Do Large Language Models Mirror Human Brain Language Processing? Google’s Groundbreaking Findings

Overview

Google Research recorded cortical electrocorticography (ECoG) from participants engaged in natural, open‑ended conversations while they spoke and listened. Over 100 hours of neural data were collected. The speech‑to‑text large language model Whisper was run on the same audio, and three levels of internal representations were extracted for each word: low‑level acoustic embeddings, mid‑level phonetic embeddings, and high‑level lexical (word‑level) embeddings.

Methodology

For each word the researchers aligned the model embeddings with the ECoG signal in a time window from –2 s to +2 s relative to word onset. A linear encoding model (ridge regression) was trained on a subset of the data to map each embedding dimension to neural activity across electrodes.
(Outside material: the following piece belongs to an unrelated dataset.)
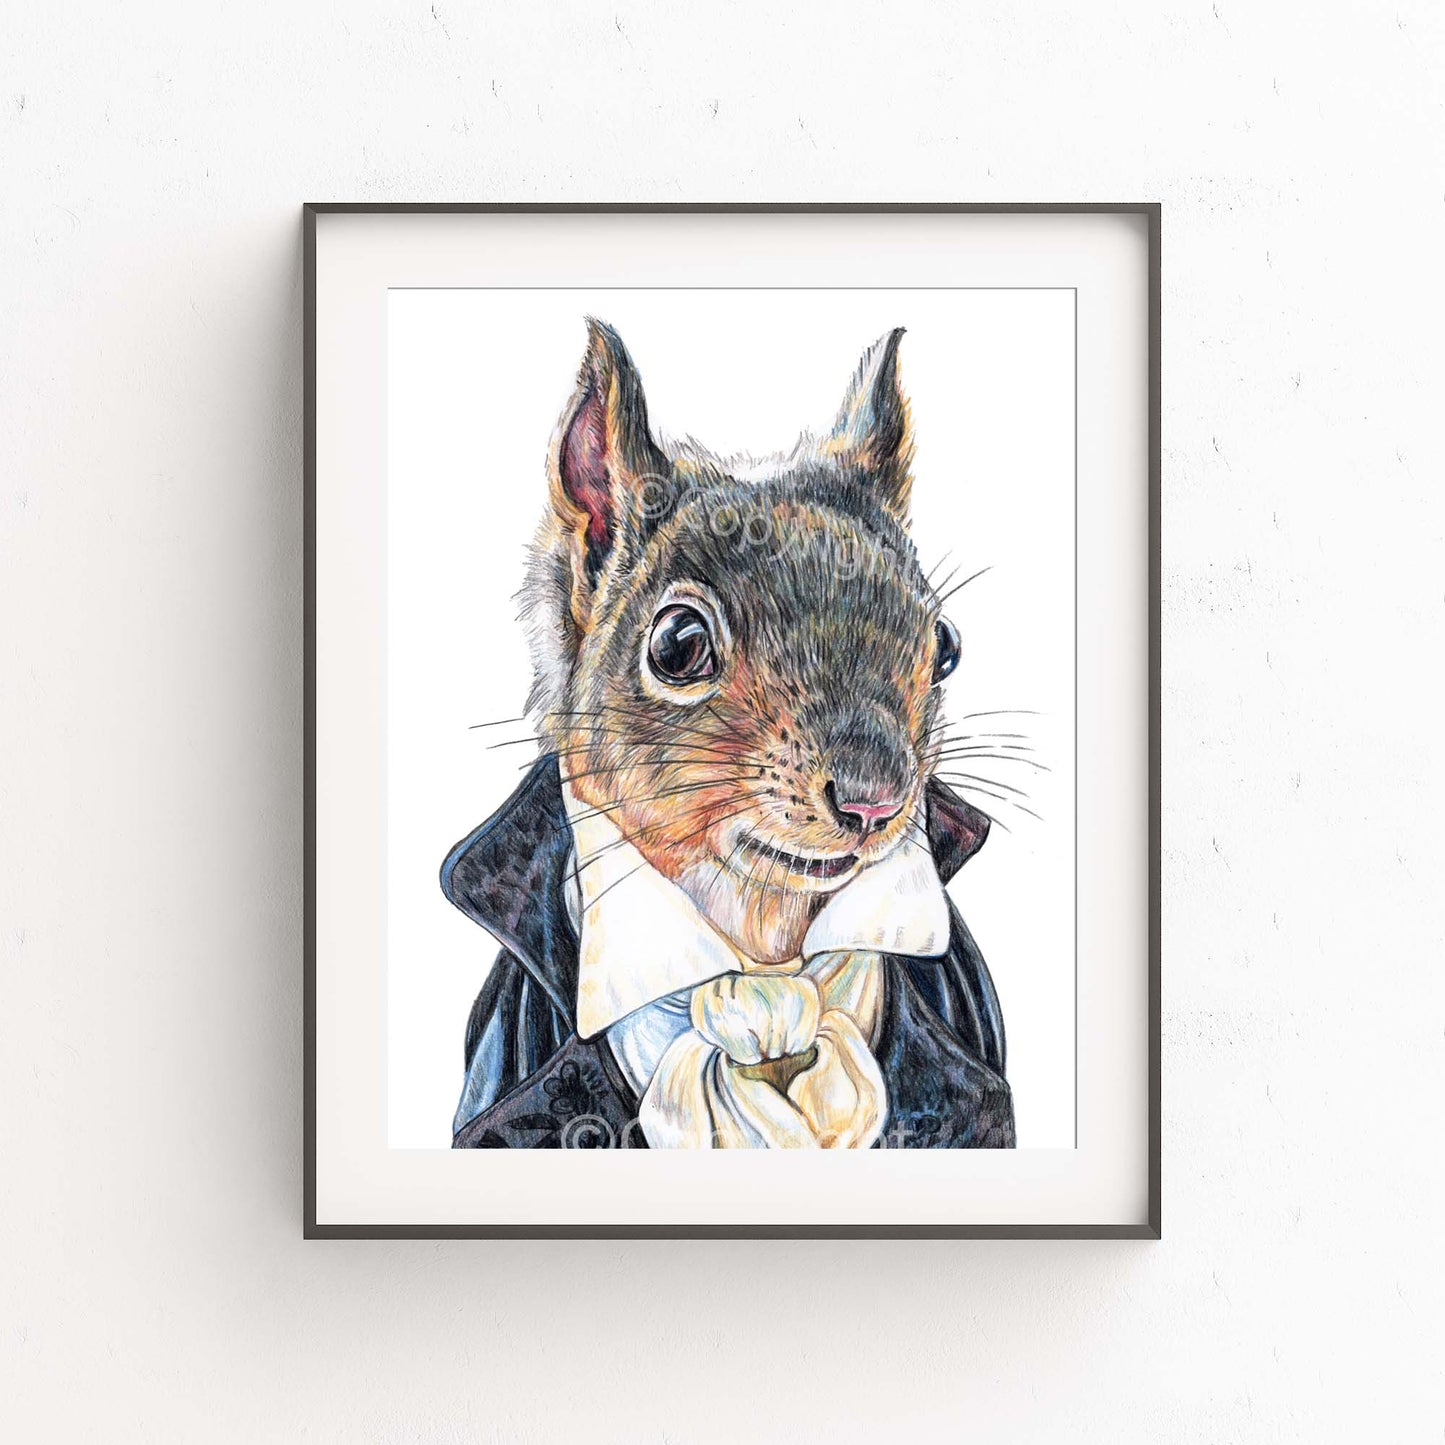 Coloured pencil drawing of a squirrel dressed like a Romantic hero from a Jane Austin book. Art by Deidre Wicks

Model performance was evaluated on held‑out dialogue segments by computing the correlation between predicted and observed signals.

Key Findings

During speech perception, acoustic embeddings best predicted activity in the superior temporal gyrus (STG) shortly after the word was heard, whereas lexical embeddings peaked several hundred milliseconds later in Broca’s area (inferior frontal gyrus, IFG), reflecting semantic processing. During speech production the temporal order reversed: lexical embeddings predicted IFG activity ~500 ms before articulation, followed by acoustic embeddings predicting motor‑cortex activity as the phonetic plan was executed. The full temporal profile showed a sequence of planning in language areas, execution in motor areas, and auditory monitoring after speech.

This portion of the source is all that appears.